Spotify Q2'25: The valuation volume remains too high
Spotify’s Q2 print missed our top- and bottom-line estimates. Still, subscriber growth outperformed once again, driven by broad-based strength across all markets. Q3 guidance followed a similar pattern, with weaker financials but stronger user growth than expected. While the strong momentum in MAU and subscriber net adds are encouraging and vital for Spotify’s long-term leadership, the faster growth in lower-ARPU emerging markets is dilutive to near-term pricing. Combined with cautious management commentary on future price increases, this led to slight downward revisions on our ARPU forecasts. Following the Q2 report, we raised our user growth assumptions modestly, but this was more than offset by downward revisions related to pricing, FX headwinds, and slightly higher OpEx. Despite the post-earnings drop in the share price, we still view the risk/reward as unattractive. As such, we reiterate our Reduce recommendation and lower our target price to USD 625 (was USD 650).
Delivered a mixed Q2 print…
Spotify showed a strong development in user growth in Q2, with net MAU/subscriber additions being +7m/+3m above guidance as well as our estimates. However, pricing trends were a bit softer than expected (ARPU: -1% y/y vs Inderes est: 2%), even when adjusting for FX. While price hikes in 2024 contributed positively to the FX-neutral growth, strong subscriber growth in emerging markets had a dilutive effect due to lower price points. The strong user growth did not offset weaker pricing and overall FX headwinds, with revenue amounting to 4.2 BNEUR (10% y/y), below our and Street’s estimate of 4.3 BNEUR. Gross margin printed 31.5%, in line with guidance (31.5%) and our estimate. EBIT amounted to 406 MEUR (Q1’24: 266 MEUR), corresponding to a 10% margin. This was below our estimate of 477 MEUR, primarily due to lower revenue, higher social charges, and OpEx than expected.
…and a mixed Q3 guidance
Q3 guidance echoed the Q2 results, with stronger-than-expected user growth, but weaker financial headline figures. Revenue guidance of 4.2 BNEUR (6% y/y) was well below our and Street’s estimate of 4.6/4.5 BNEUR, largely due to large FX headwinds and softer pricing trends. Gross margin guidance of 31.1% also trailed our 31.7% forecast, indicating greater variability than anticipated. EBIT guidance of 485 MEUR similarly missed both our and Street's expectations. On the earnings call, Spotify reiterated its focus on maximizing user lifetime value (LTV) over short-term gains, highlighting strong user engagement and market positioning. The company also increased its existing share buyback program from 1 BNEUR to 2 BNEUR, with 1.9 BNEUR still authorized given minimal prior usage. Following the weaker-than-expected Q2 report as well as guidance, we have made downward revisions to our estimates. For 2025, we now estimate revenue growth of 10% to 17.3 BNEUR (was 14%, 17.9 BNEUR) with an EBIT of 2 BNEUR (11% margin, was 2.2 BNEUR).

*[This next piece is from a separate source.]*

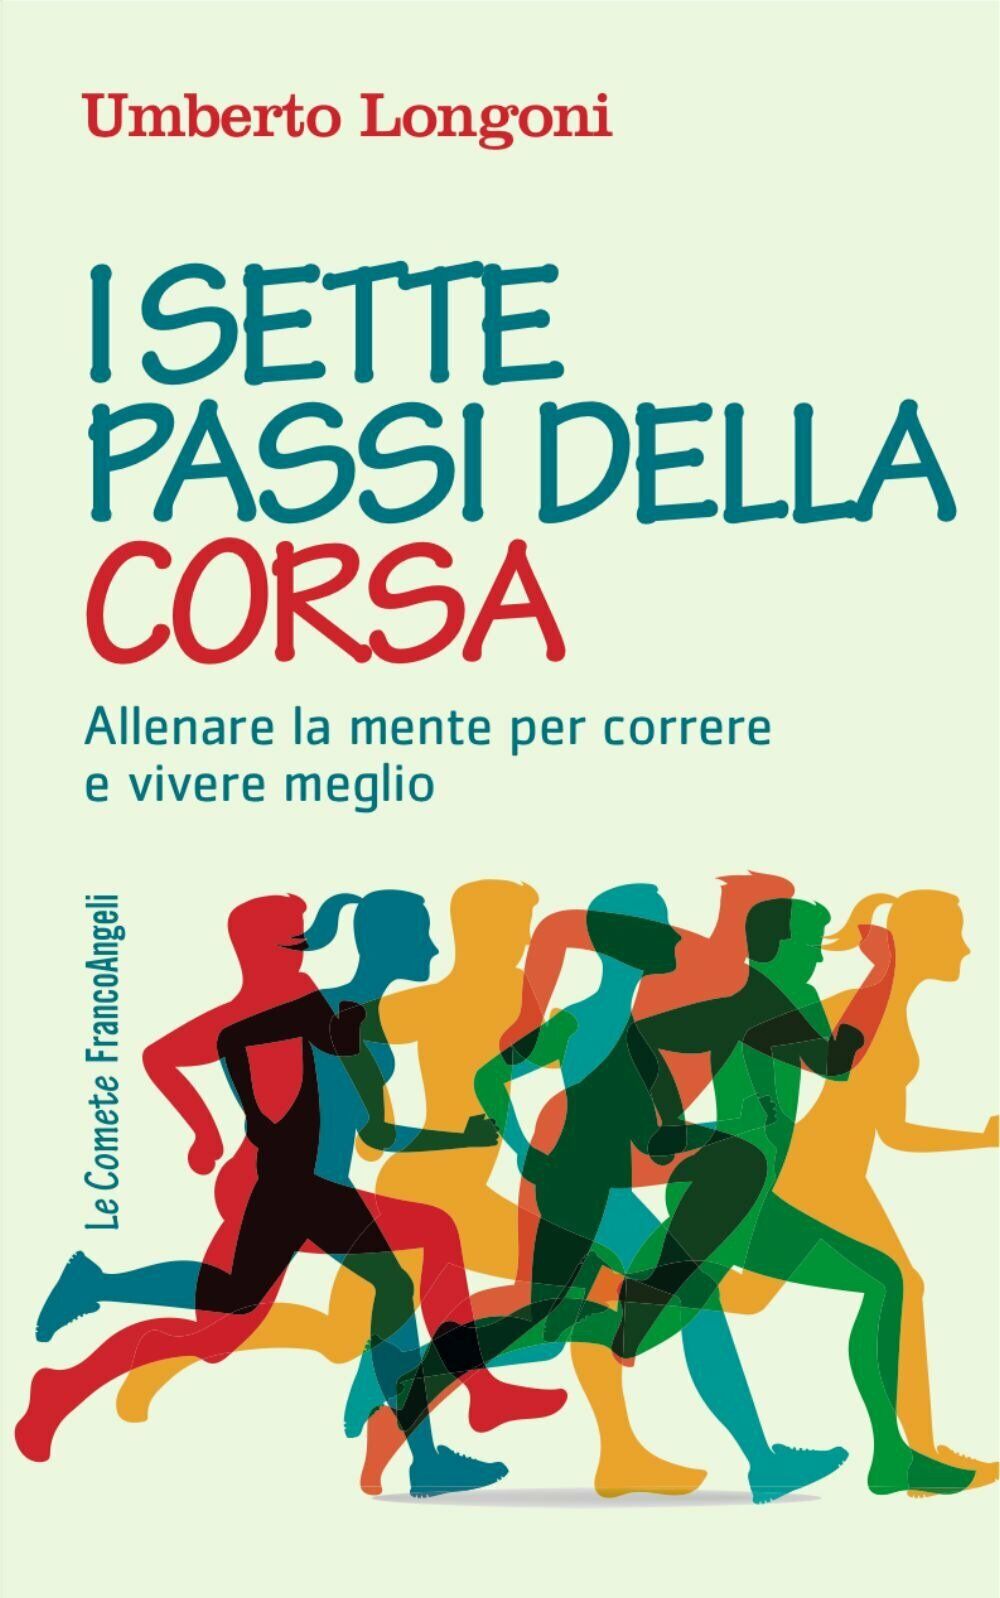 I sette passi della corsa - Umberto Longoni - Franco angeli, 2017 libro usato

No upside in sight over the next 12 months
Despite the post-earnings share price drop, we still view Spotify’s near-term valuation as elevated, with the stock trading at EV/EBIT of 53-37x, EV/FCFF of 42-30x, and EV/GP of 19-16x on our revised 2025-2026 estimates. However, the valuation becomes more attractive in 2027, where Spotify trades near the lower end of our acceptable range (EV/EBIT: 30x, EV/FCFF: 25x, EV/GP: 13x). While Spotify’s large subscription base offers some insulation from macroeconomic and geopolitical turmoil, we believe it is too early to turn bullish based on 2027+ metrics, especially given that the stock still trades at the high end of our acceptable multiples for 2026. That said, long-term fundamentals remain intact, and Spotify has, in our view, a long runway of growth left and years of margin expansion ahead, where pricing will play a larger role. That said, we believe much of this upside is already reflected in the current valuation, and the near-term risk/reward remains unattractive at this stage.